We reject defendant's further contention that the People failed to establish that his statements were freely and voluntarily given. At the hybrid Huntley/Wade hearing, the People presented evidence that defendant's handcuffs were removed immediately at the outset of the interrogation and that defendant could read and write. Defendant was read his Miranda rights verbatim from a Miranda warnings card and, after being read those rights, defendant did not request an attorney or that those rights be further explained. Thereafter, defendant agreed to speak to the officers and waive his rights. Thus, "[t]he record of the suppression hearing supports the court's determination that the waiver by defendant of his Miranda rights was knowing, voluntary and intelligent" (People v Marvin, 68 AD3d 1729, 1729 [4th Dept 2009], lv denied 14 NY3d 842 [2010]).

In his supplemental brief, defendant contends that he was deprived of effective assistance of counsel because defense counsel waived the Rodriguez hearing.
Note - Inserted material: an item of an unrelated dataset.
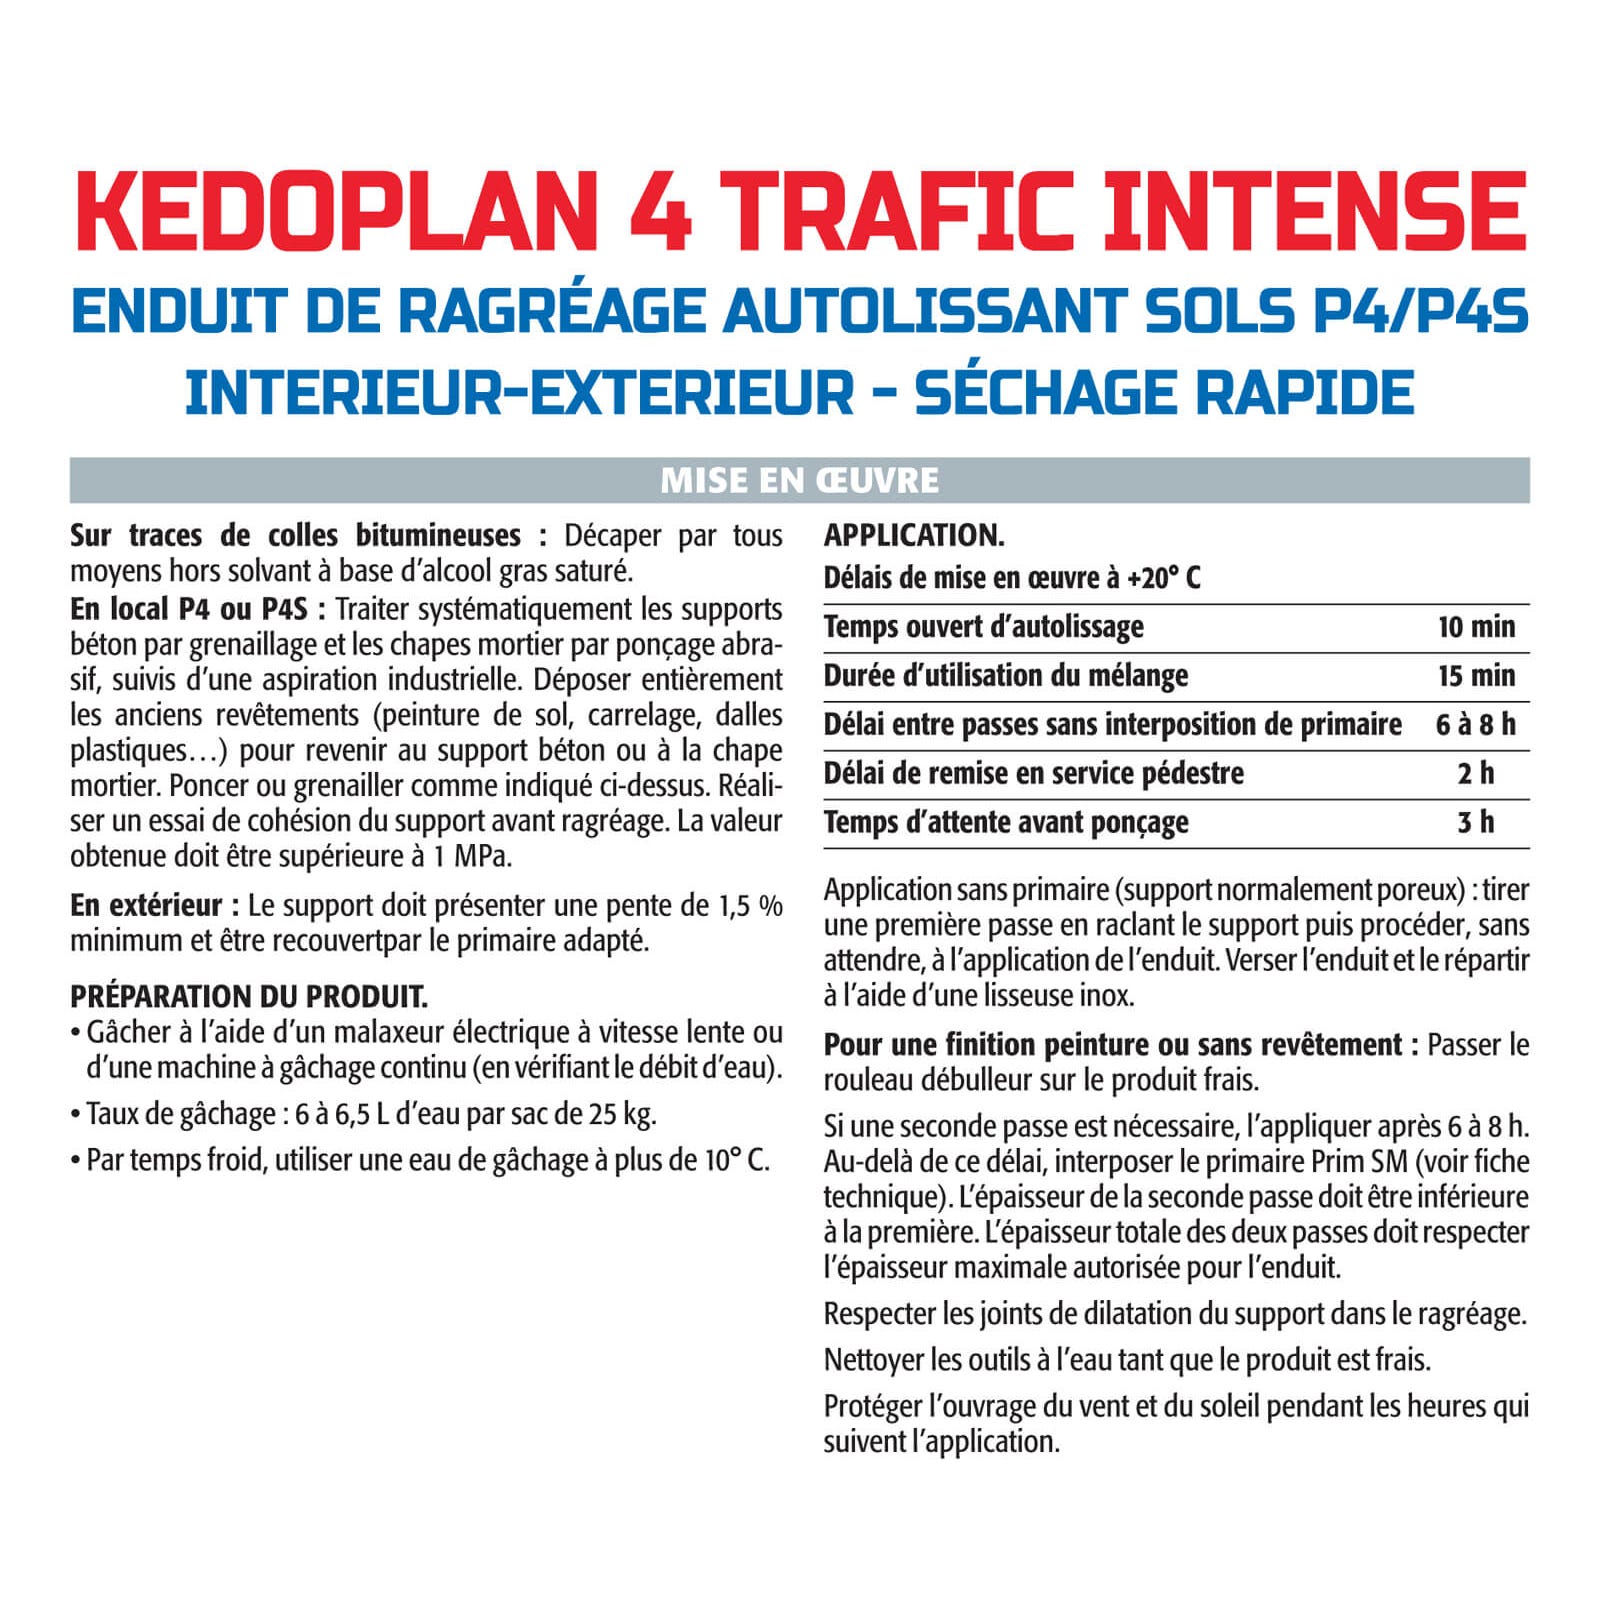 Semin - Enduit de Ragréage autolissant - Kedoplan 4 Traffic Intense - Intérieur/Extérieur - Sac 25 kg (lot de 3) 4
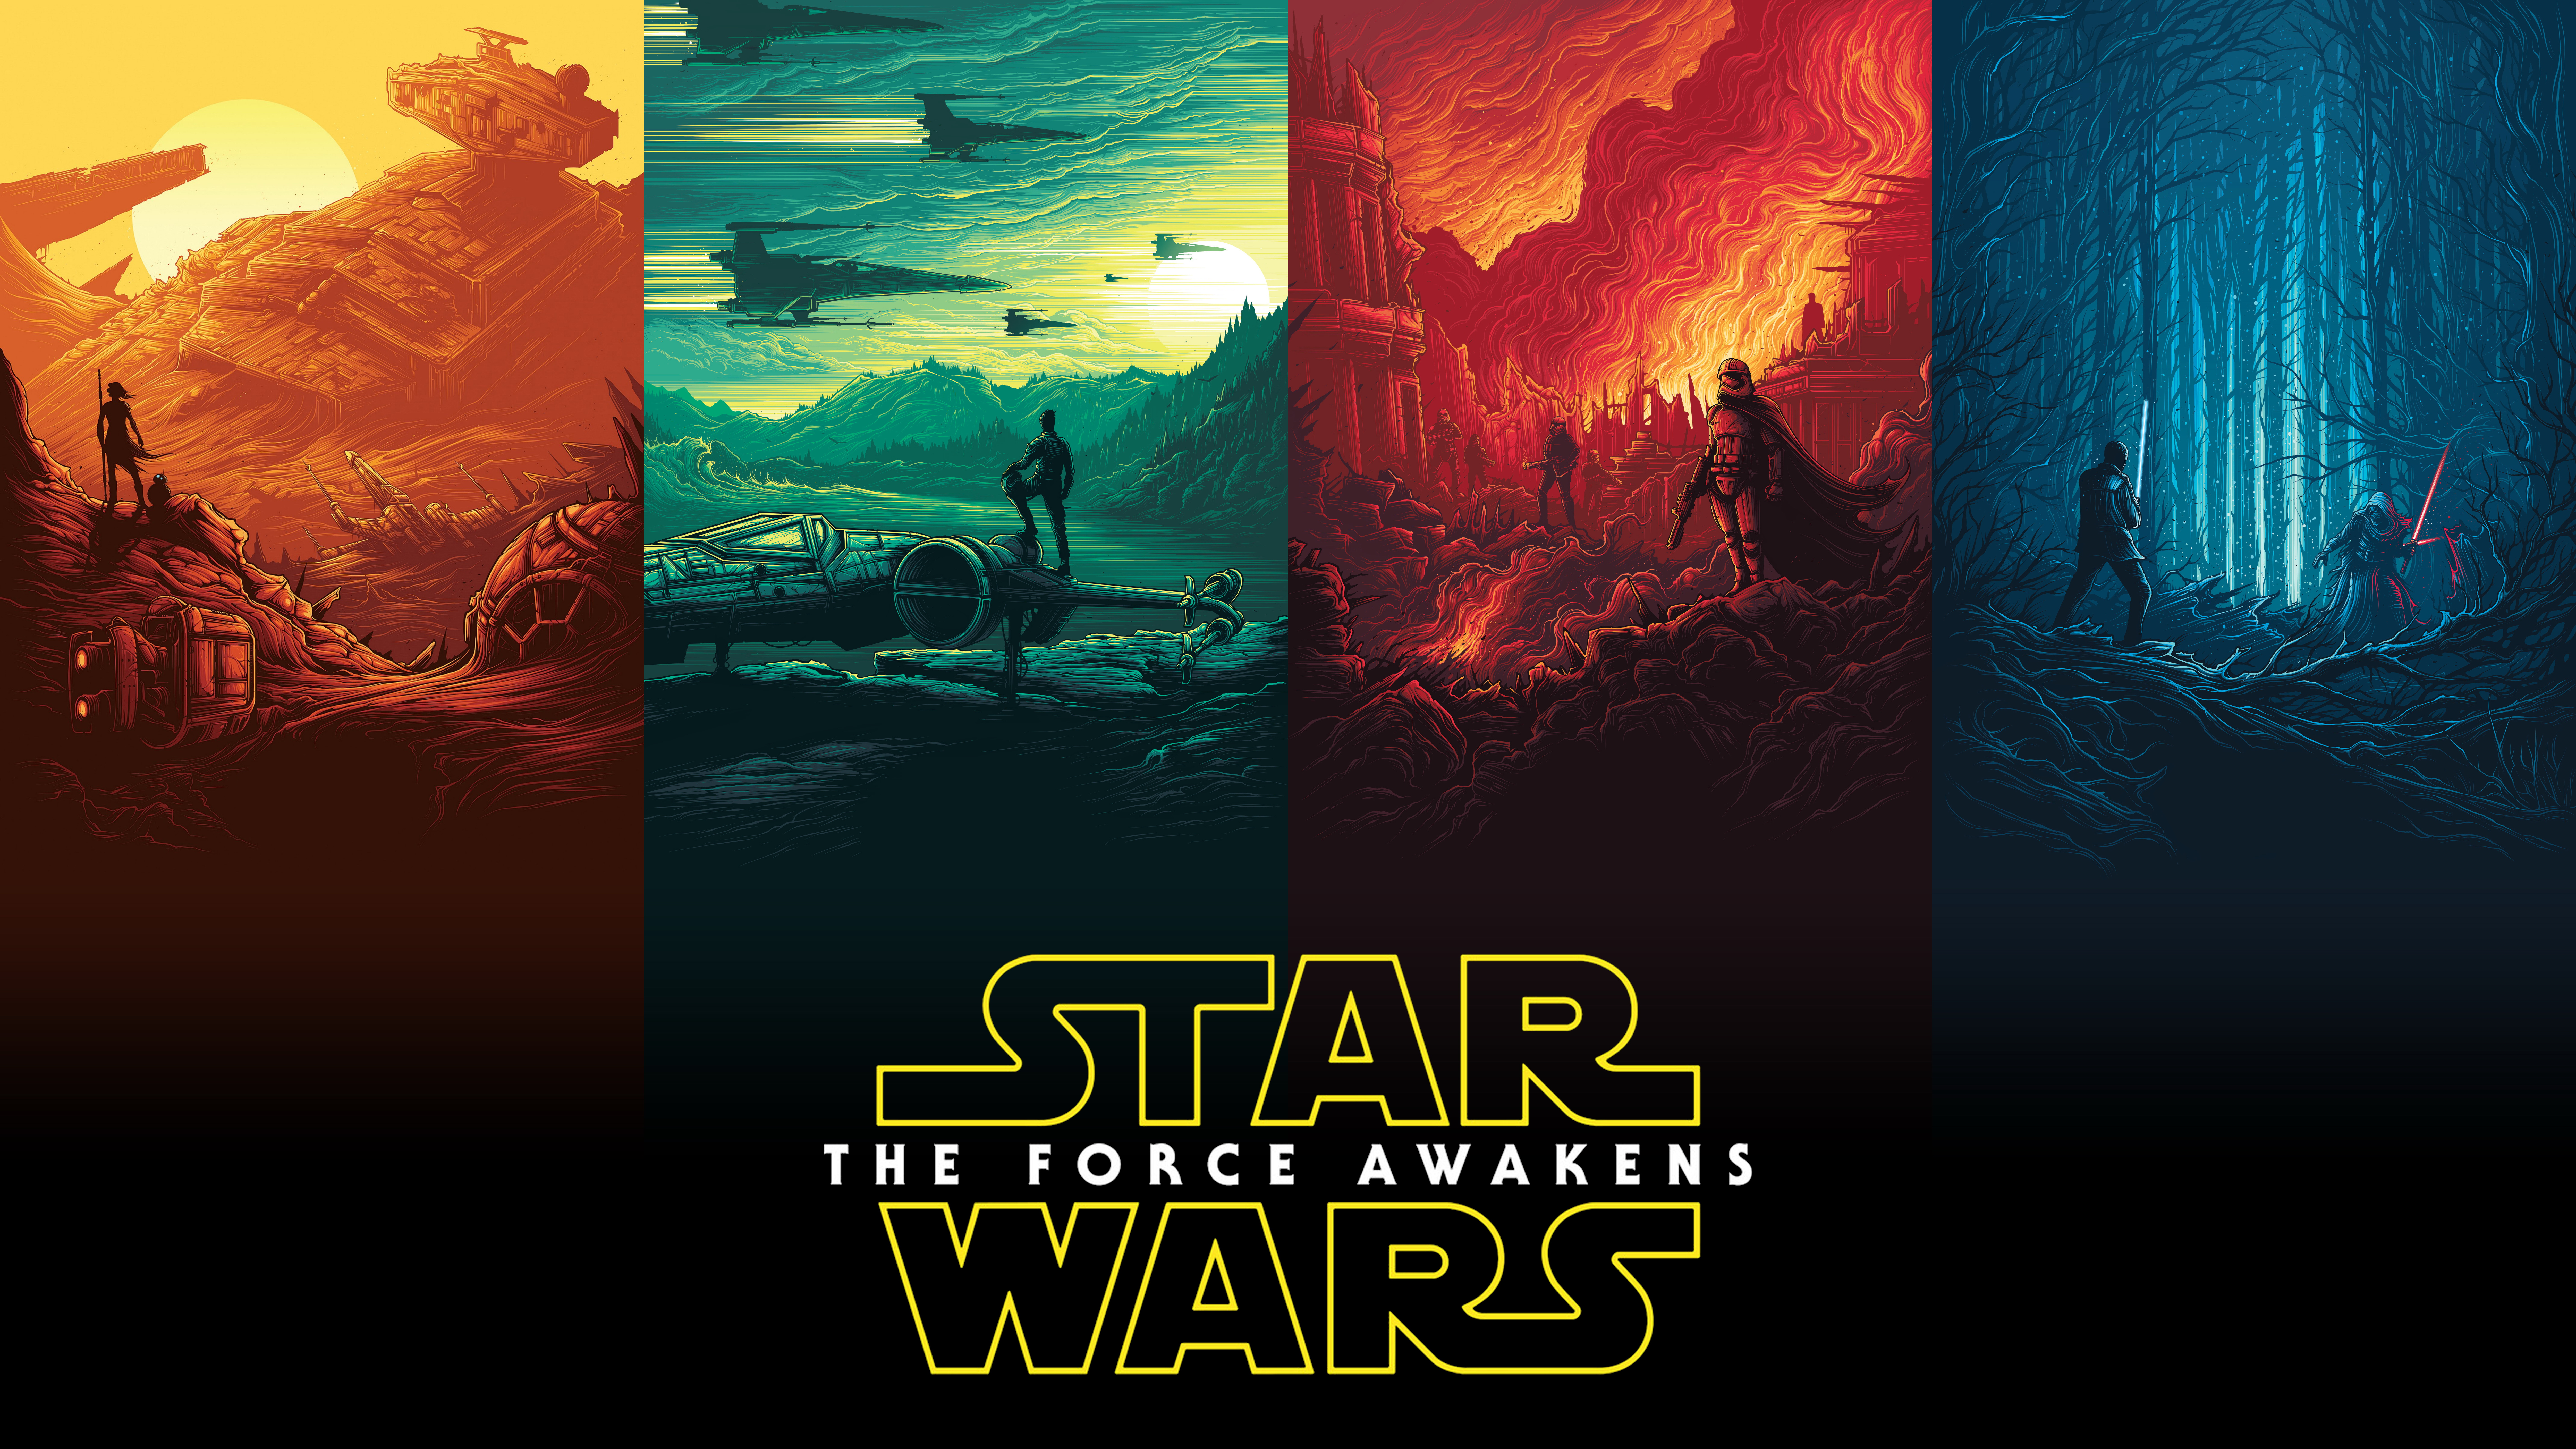 movie, star wars episode vii: the force awakens, captain phasma, kylo ren, star wars

Defendant failed, however, to

" demonstrate the absence of strategic or other legitimate explanations for counsel's failure to request [that] hearing. Absent such a showing, it will be presumed that counsel acted in a competent manner and exercised professional judgment in not pursuing a

hearing' " (People v Parker, 148 AD3d 1583, 1584 [4th Dept 2017], lv denied 29 NY3d 1084 [2017], quoting People v Rivera, 71 NY2d 705, 709 [1988]). Defendant also contends that he was deprived of effective assistance of counsel because defense counsel did not expressly state that he sought suppression of defendant's statements based on a lack of probable cause to arrest him. Defendant relies, however, upon matters outside the record in contending that he had a "colorable" claim to suppress those statements on the ground that he was arrested without probable cause. Thus, that contention "must be raised by way of a motion pursuant to CPL article 440" (People v Edwards, 151 AD3d 1832, 1833 [4th Dept 2017], lv denied 30 NY3d 949 [2017]).

Finally, we conclude that defendant's sentence is not unduly harsh or severe.